CEO Corner

Follow our CEO, Manuel Oliva, for insights and inspiration on the direction of conservation science today.

Nature-Based Solutions to Climate Change: From California to Spain to Scotland

by Mani Oliva, CEO

Point Blue’s COP25 team: Manuel Oliva, CEO; Geoff Gordon-Creed, Board Chair; and Dr. Elizabeth Porzig, Working Lands Group Director.

It’s hard to believe that at this time last year I was halfway around the world in Madrid, Spain. I had the privilege of being there along with Dr. Libby Porzig, our Working Lands program Director, and Geoff Gordon-Creed, the Chair of our Board, to represent Point Blue at the annual UN Climate Change negotiations. One of the highlights for me was attending Libby’s presentation on our work in partnership with farmers and ranchers across California to advance regenerative agriculture as a nature-based solution to fight climate change. It seems like a lifetime ago. Yet at the same time, the image of Libby surrounded by leading scientists, policy makers, and practitioners who were asking and discussing how our work could be adapted in their countries to fight climate change is still vivid in my mind.

This year has been a first on so many levels. For the first time in its 26 year history, this year’s annual global climate change conference was cancelled. This doesn’t mean that the work has stopped, the need is too great, and as we look to a new year we are offering our science, our optimism and a plan. The work on the ground, in the lab, and in legislative halls across the world continues, because warming temperatures and loss of critical biodiversity and ecosystems continue. In fact, this past weekend (December 12) on the 5th year anniversary of the Paris Agreement, the leading governments, businesses and civil society groups who would normally attend the in person climate change conference joined virtually as part of the Climate Ambition Summit. This conference was not only important as a powerful recommitment to collective global action to fight climate change, but also because it continued to recognize and elevate nature-based solutions as critical in confronting both the climate and biodiversity crises. And as the U.S. government moves to rejoin the global effort to fight climate change early next year, I am optimistic that we will build off of this new energy.

As we look towards a new year of promise, and the next round of climate change negotiations at COP26  in Glasgow, Scotland at the end of November 2021 (which we plan on attending), we at Point Blue are actively mapping the course to increase the use of nature-based solutions as a powerful tool to lower greenhouse gas emissions and build resilience to climate change. Nature-based solutions that protect, sustainably manage, and restore ecosystems, as well as address societal challenges effectively and adaptively. Our road map consists of four elements:

  1. It starts with people – Advance the concept that community-based stewardship increases the durability of nature-based solutions and the UN’s Sustainable Development Goals. Engage local stakeholders and communities in nature-based stewardship through collaborative and benefit sharing models that increase adoption and success of restoration and management actions.
  2. Build upon existing foundations – Integrate climate action commitments with existing support and incentive structures.

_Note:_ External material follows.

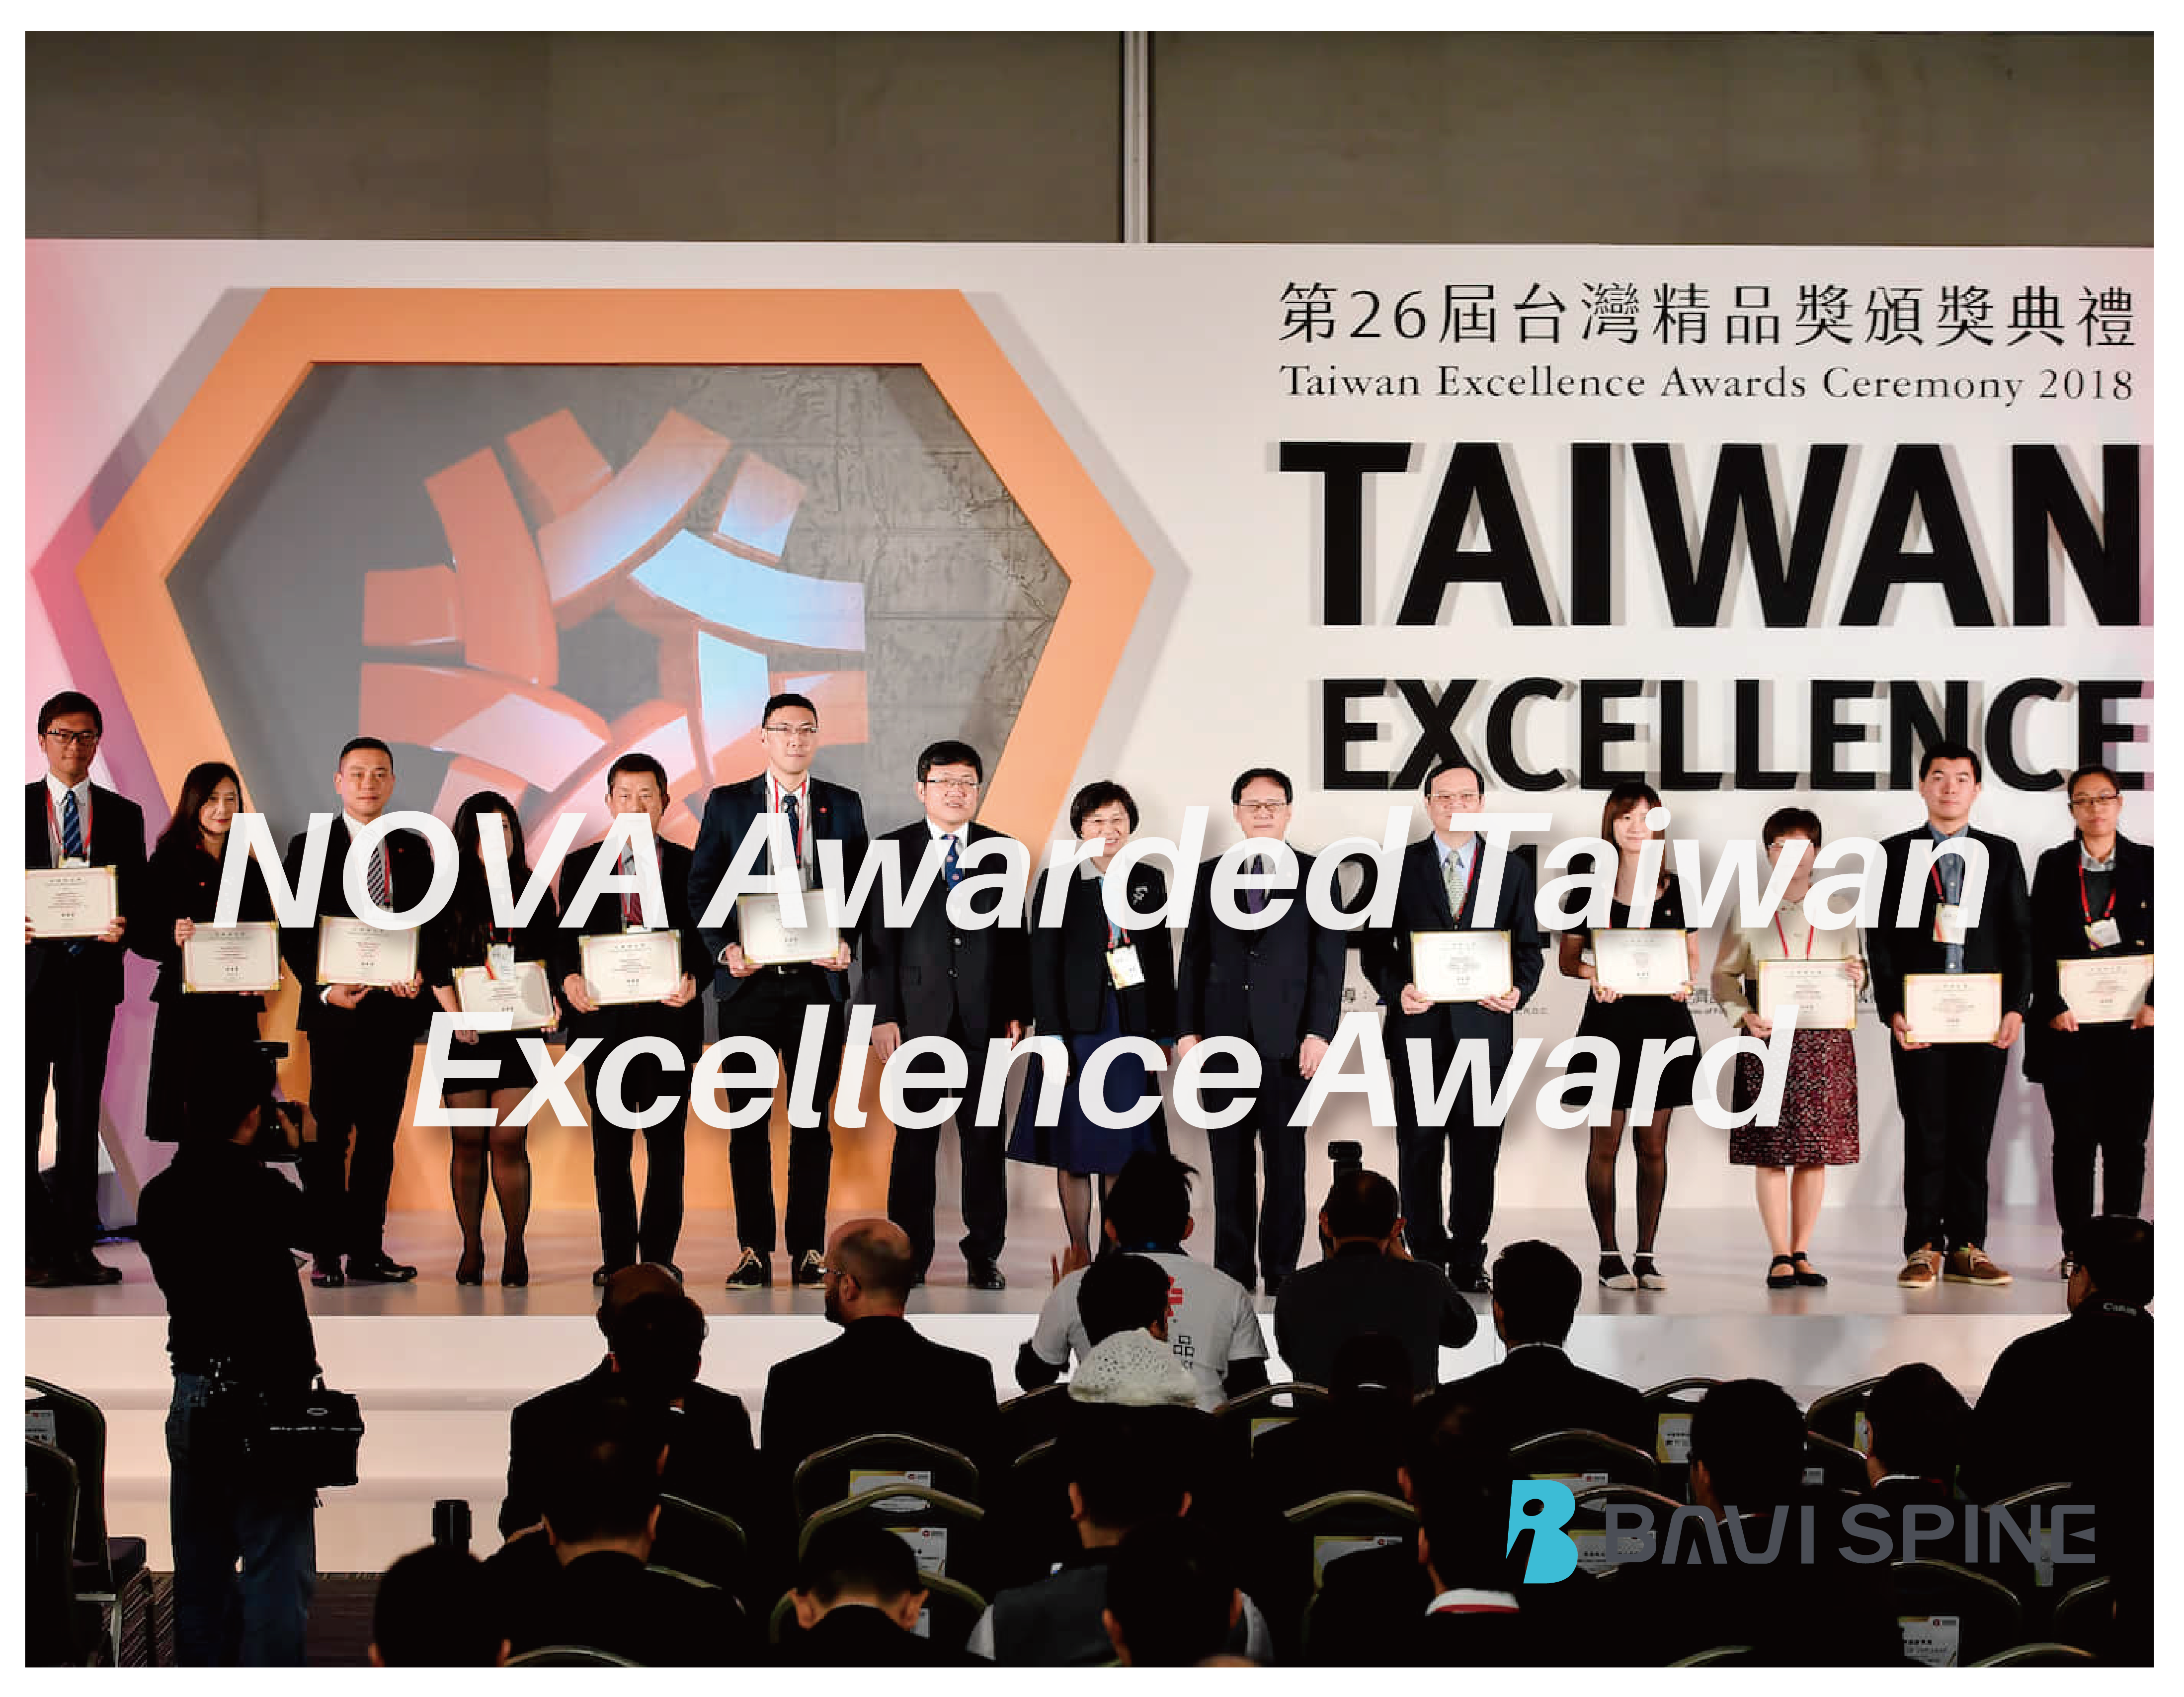 BAUI given 2018 Taiwan Excellence Award

Many government agencies and non-governmental organizations are already promoting climate-beneficial land management practices. Co-developing these strategies (e.g., national and subnational governments with civil society and private sector) can help ensure that efforts are synergistic and can jump start pathways toward action.
  3. Prioritize outcomes over practices – Incentivizing practices alone can result in inflexibility and inefficiency because they might not be adaptable to local conditions and their implementation does not guarantee achieving the desired outcomes. In many cases incentivizing the outcomes of increased ecosystem carbon instead of specific practices can support more flexible adaptive approaches which can in turn lead to better outcomes. Prioritizing outcomes also creates a better environment for fostering creativity and innovation.
  4. Evaluate multiple benefits and tradeoffs – We recommend policies, programs, and projects that simultaneously promote greenhouse gas sequestration outcomes simultaneously with other benefits, including food production, water quality and availability, and biodiversity conservation.

In the new year we will continue to share our science in partnership with other leading voices across California to elevate our collective work across the state and usher a new campaign for nature-based solutions to fight climate change and support healthy ecosystems. All in service of Point Blue’s organizational vision: achieving thriving wildlife and human communities. And we can’t wait to bring this momentum to the global climate change community in Glasgow.